Выбрать главу

В большом письме от 21 июля 1938 года я попытался уговорить Бека не подавать в отставку, несмотря на разногласия с верховным главнокомандующим вермахта по чехословацкому вопросу. В частности, я писал Беку о том, что никто другой не сможет в сложившейся обстановке исполнять обязанности начальника Генерального штаба лучше, чем он. Кроме того, пользуясь случаем, я вновь затронул в этом письме вопрос о наиболее целесообразной структуре высших органов военного управления Германии. По моему глубокому убеждению, в немецкой армии тогда не было ни одного генерала, который, став преемником Бека, пользовался бы в сухопутных войсках таким же уважением и авторитетом, как его предшественник. Я написал об этом в письме к своему бывшему начальнику и добавил, что не только я, но и большинство других генералов рейха считают его человеком, чьи обширные знания, ум и воля крайне необходимы сухопутным войскам для успешного решения необычайно трудных задач, которые в самое ближайшее время могут быть поставлены перед немецкой армией.

В своем ответном, весьма лаконичном письме генерал Бек сообщил мне, что он по-прежнему не считает возможным для себя разделять с высшим политическим руководством ответственность за ошибочные действия.

«Цветочная война»

В конце августа меня вызвали из Лигница на совещание в Оберзальцберг. Гитлер собрал там начальников штабов всех армий, которые планировалось использовать на первом этапе вооруженного конфликта. Как ни странно, на совещание не был приглашен начальник Генерального штаба сухопутных войск. Судя по всему, Гитлеру было известно о несогласии генералов из ОКХ и ряда других командующих соединениями и объединениями вермахта с его точкой зрения по чехословацкому вопросу и он решил попытаться найти общий язык с их начальниками штабов как представителями более молодого поколения.

Фюрер выступил перед нами с почти двухчасовой речью, в которой он изложил причины, побудившие его немедленно приступить к решению чехословацкого вопроса. К наиболее важным из них он отнес дискриминационные меры властей по отношению к немецкому национальному меньшинству и ту угрозу для Германии, которую будет представлять Чехословакия в случае войны. Далее он завел речь об общей военно-политической обстановке и, в частности, о том, что проблемы с перевооружением английской армии и внутриполитические трудности во Франции не позволят двум крупным европейским державам выступить на защиту Чехословакии. Гитлер также напомнил нам о дружественной позиции Муссолини, которую тот продемонстрировал во время присоединения Австрии к Германии, а также о том, что ни Польша, ни Венгрия не захотят помогать Чехословакии по той простой причине, что они сами претендуют на часть ее территории. По мнению фюрера, не следует ожидать и вмешательства в события со стороны Советского Союза, поскольку, во-первых, Красная Армия еще не оправилась от последствий недавней «чистки командного состава», и во-вторых, Польша не пропустит русские войска через свою территорию.

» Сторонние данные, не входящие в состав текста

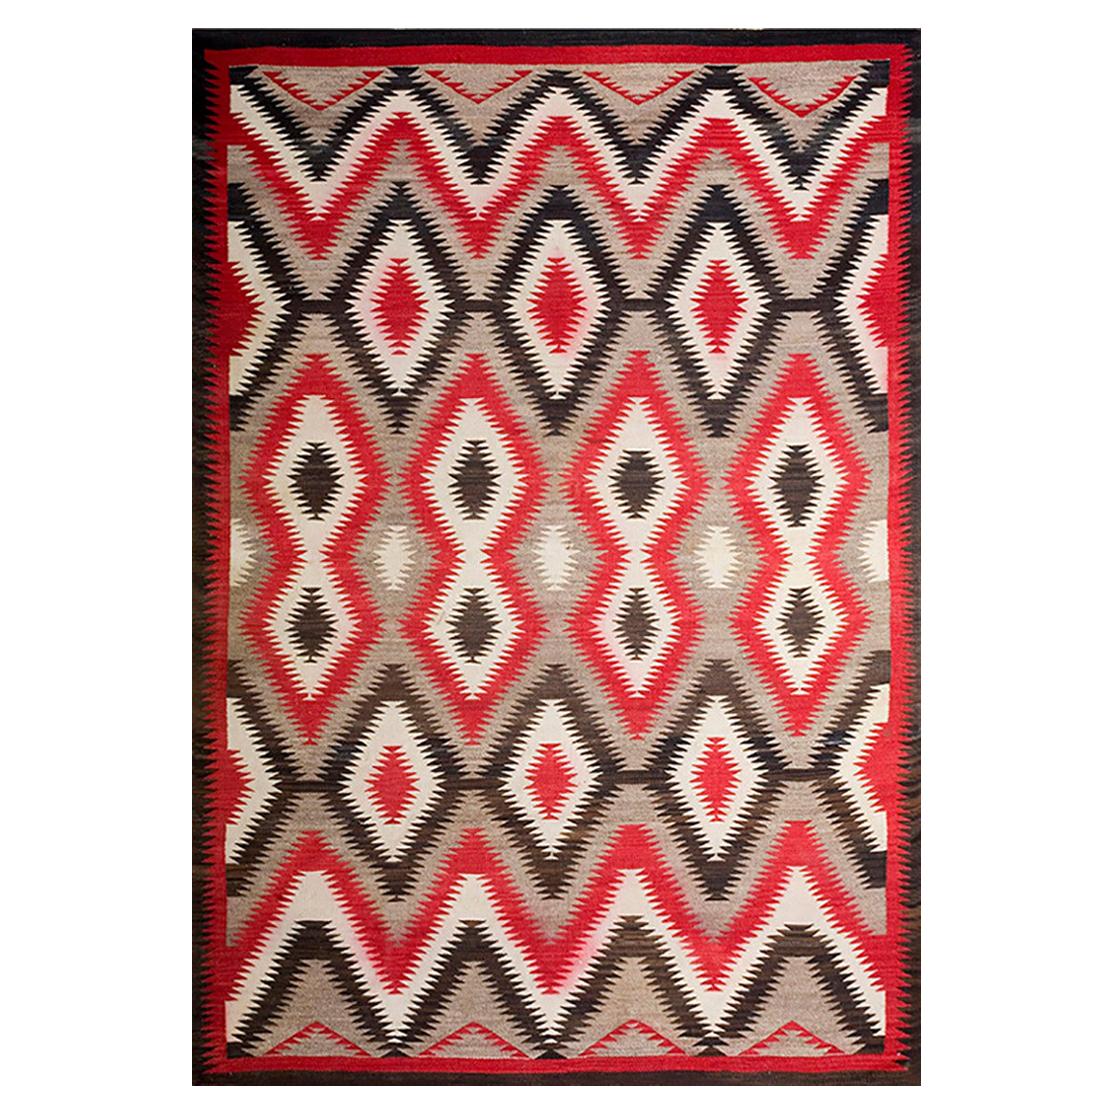 Amerikanischer Navajo-Teppich des frühen 20. Jahrhunderts  ( 6'3" x 9' - 191 x 275 )

После окончания своего выступления Гитлер пригласил нас на чай, во время которого у нас появилась возможность высказаться. Надо полагать, что, услышав наши мнения, Гитлер понял, что и у представителей младшего поколения немецкого генералитета имеется немало возражений против политики, таящей в себе угрозу новой мировой войны. Наибольшему сомнению мы подвергли тезис фюрера о малой вероятности вмешательства в конфликт западных держав, прежде всего Франции. И вот как раз в то время, когда Гитлер пытался с помощью различных контраргументов рассеять наши сомнения, произошел крупный скандал. Поводом для него стало заявление генерала фон Вигерсгейма, предназначенного для занятия должности начальника штаба группы армий на франко-германской границе, о неготовности «западного вала» к длительной обороне с применением имеющихся в его распоряжении ограниченных сил и средств. Услышав от генерала, что в случае войны тот сможет лишь несколько недель сдерживать наступление французской армии, Гитлер пришел в ярость. Суть его довольно резкого ответа Витерсгейму сводилась к тому, что «западный вал» можно очень долго оборонять от любого противника при условии, что «генералы будут такими же храбрыми, как мушкетеры».

После такой бурной реакции фюрера ни о каком продолжении спокойной беседы, разумеется, не могло быть и речи. Однако и того, что мы успели сказать, было вполне достаточно для того, чтобы Гитлер понял, что взгляды начальников штабов совпадали со взглядами их командующих.